Re: Restpark - Minimal RESTful API for querying RDF triples from Jerven Bolleman on 2013-04-16 (public-lod@w3.org from April 2013)

From: Jerven Bolleman <me@jerven.eu>
Date: Tue, 16 Apr 2013 21:55:11 +0200
To: Jerven Bolleman <me@jerven.eu>
Cc: Aidan Hogan <aidan.hogan@deri.org>, public-lod@w3.org
Message-Id: <3C4B425A-EA57-450E-ACBD-1969EE00BB25@jerven.eu>
In summary: if the problem you have is P-Space complete its going to run in P-Space, unless you so some really smart stuff.
restpark is refusing to try to solve a P-Space complete problem pushing all this kind of work back to the programmer using the restpark API.
This approach does not scale in manhours...

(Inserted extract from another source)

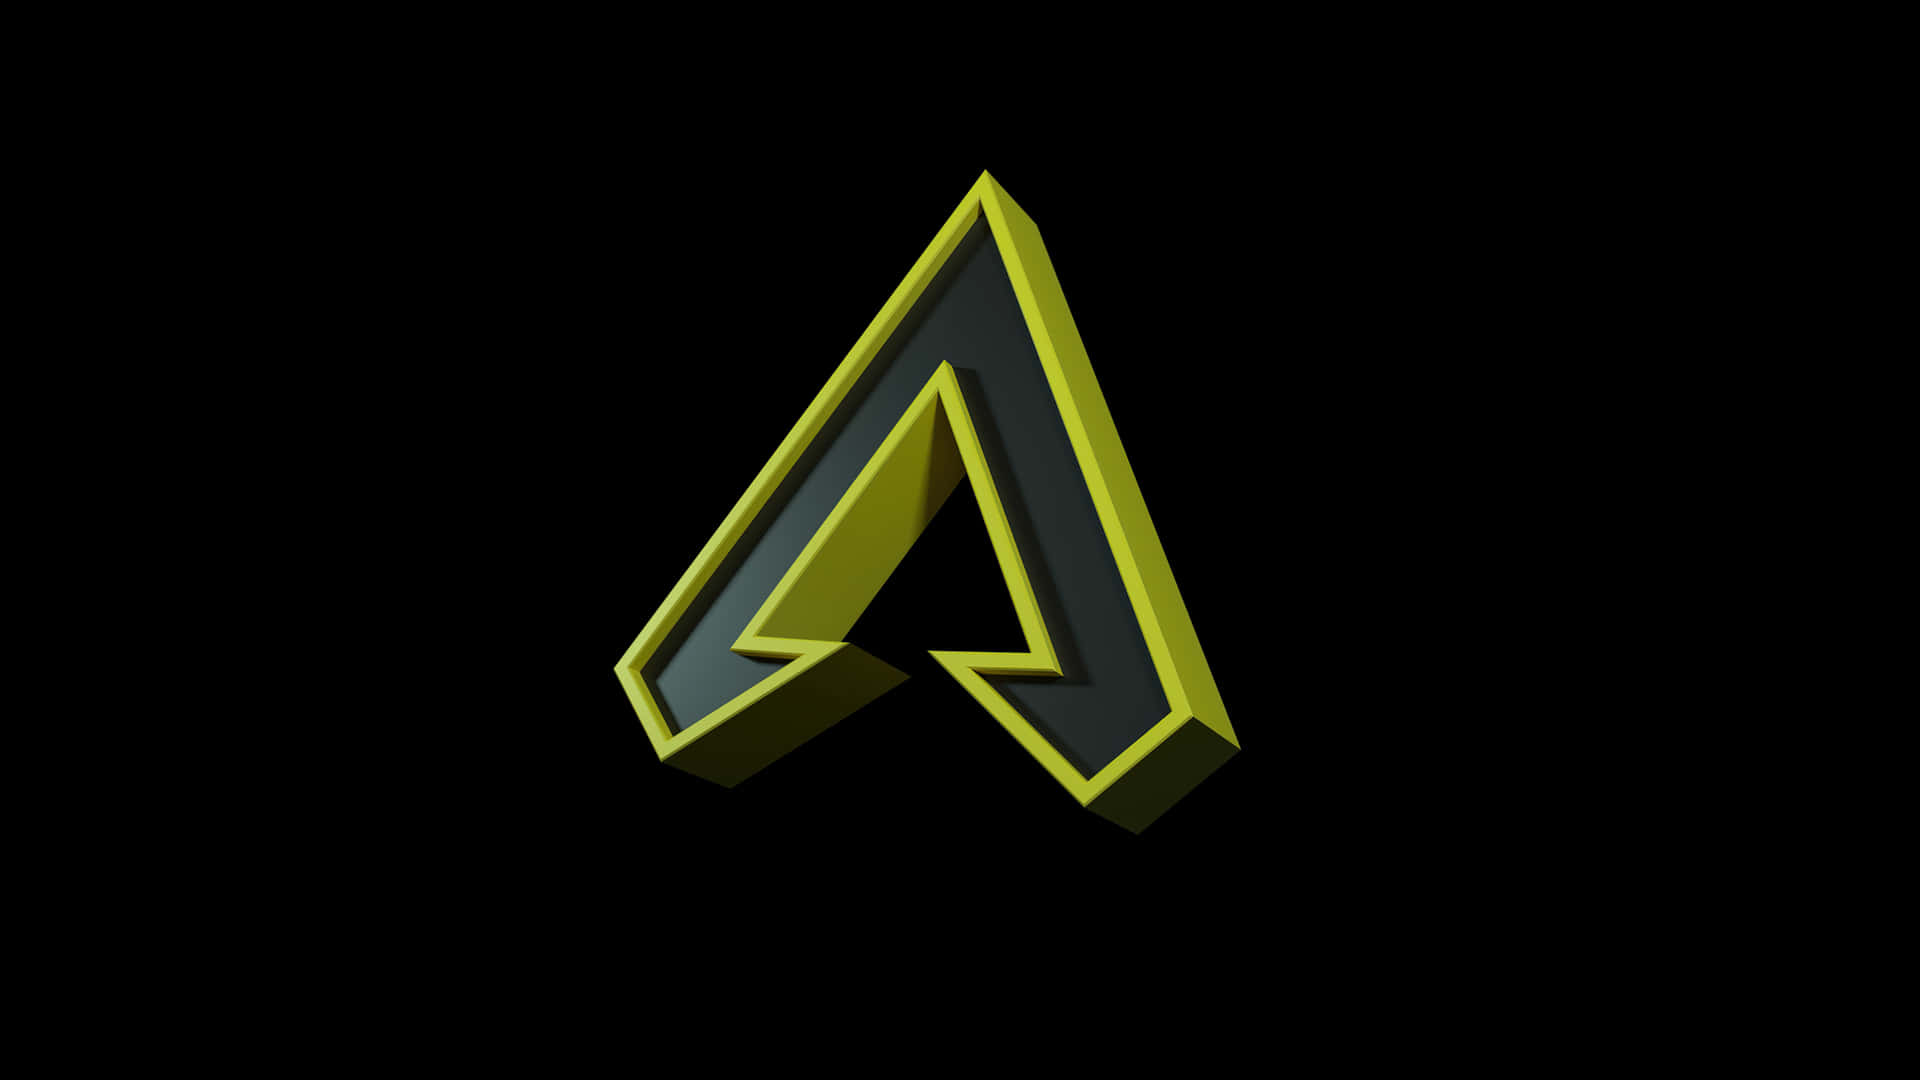 Logode Apex Legends En 3d En Negro Y Verde. Fondo de pantalla

On Apr 16, 2013, at 9:51 PM, Jerven Bolleman wrote:

> Hi Aidan,
> 
> I think that you are jumping to conclusions. While a RDF store that can hold any RDF data will answer queries 
> in P-Space, however that is an extremely generic solution. There is no need that a fully SPARQL1.1 query compliant engine needs to hold 
> true to this [1]. 
> 
> This is a thought exercise. Lets assume you have very limited data in your restpark endpoint.
> 
> example:a constant:predicate object:a
> example:b constant:predicate object:b
> .
> .
> .
> example:z constant:predicate object:z
> 
> and so on. A subject is never an object in this dataset.
> 
> Then in this specific case 
> 
> /restpark?subject={subject}&predicate={predicate}&object={object}
> can be translated directly from
> /sparql?query=SELECT * WHERE {?subject ?predicate ?object}
> if your dataset does not allow any joins then your query engine can translate directly from the sparql variant into the restpark call.
> 
> So in this limited case SPARQL given this data is in the same complexity call as restpark.
> In other words restpark can be hidden behind a SPARQL query engine that limits itself to only answering
> /sparql?query=SELECT * WHERE {?subject ?predicate ?object}
> Actually looking at the Jena and Sesame API's for triple source running a SPARQL endpoint on top of your API is dead simple. 
> 
> So I postulate that for your this use case SPARQL scales as well as restpark (the restpark API being a proper subset of SPARQL)
> 
> And you may say but thats insane but I have done similar work for making tab-delimited bioinformatics databases accessible this way [2]. 
> 
> The credo that SPARQL does not scale in comparison to restpark does not hold true because restpark cannot answer queries that SPARQL endpoints could.
> Not competing in most of the performance race is not the same as winning the race ;)
> 
> Regards,
> Jerven
> 
> [1] If full SPARQL update is supported then things change.
> [2] See https://github.com/JervenBolleman/sparql-bed/ for a simple example (just implement the sesame triple source API).
> 
> On Apr 16, 2013, at 9:28 PM, Aidan Hogan wrote:
> 
>> On 16/04/2013 20:02, Kingsley Idehen wrote:
>>> On 4/16/13 2:53 PM, Aidan Hogan wrote:
>>>> On 16/04/2013 19:21, Kingsley Idehen wrote:
>>>>> SPARQL scales† ...
>>>> 
>>>> † with the minor exception of answering SPARQL queries.
>>>> 
>>>> Cheers,
>>>> Aidan
>>>> 
>>>> 
>>> Please clarify what you mean, especially with regards to how that could
>>> be deficient to what some RESTful API might offer.
>> 
>> Sure.
>> 
>> 
>> In theory, SPARQL evaluation (answering a SPARQL query) is P-Space Complete [1]. Aside from some nasty OPTIONAL examples it's NP-Complete in query complexity since you're doing graph matching (homomorphisms). It doesn't scale and only selective parts can be parallelised.
>> 
>> In practice, it is not at all difficult to find (interesting) SPARQL queries that existing engines cannot run completely and correctly. I (unfortunately) find them all the time without even trying.
>> 
>> SPARQL evaluation does not scale, cannot scale, will never scale.
>> 
>> But maybe I misunderstand. What do you mean when you say "SPARQL scales"? :)
>> 
>> 
>> With respect to Restpark, binary search is logarithmic and answering a Restpark query would require one or two lookups. Some potential problems for scale arise from low-selectivity lookups, but that's a drop in the ocean compared to what's faced by SPARQL engines.
>> 
>> Cheers,
>> Aidan
>> 
>> 
>> [1] Jorge Pérez, Marcelo Arenas, Claudio Gutierrez: Semantics and complexity of SPARQL. ACM Trans. Database Syst. 34(3) (2009)
>> 
>> 
>
Received on Tuesday, 16 April 2013 19:55:45 UTC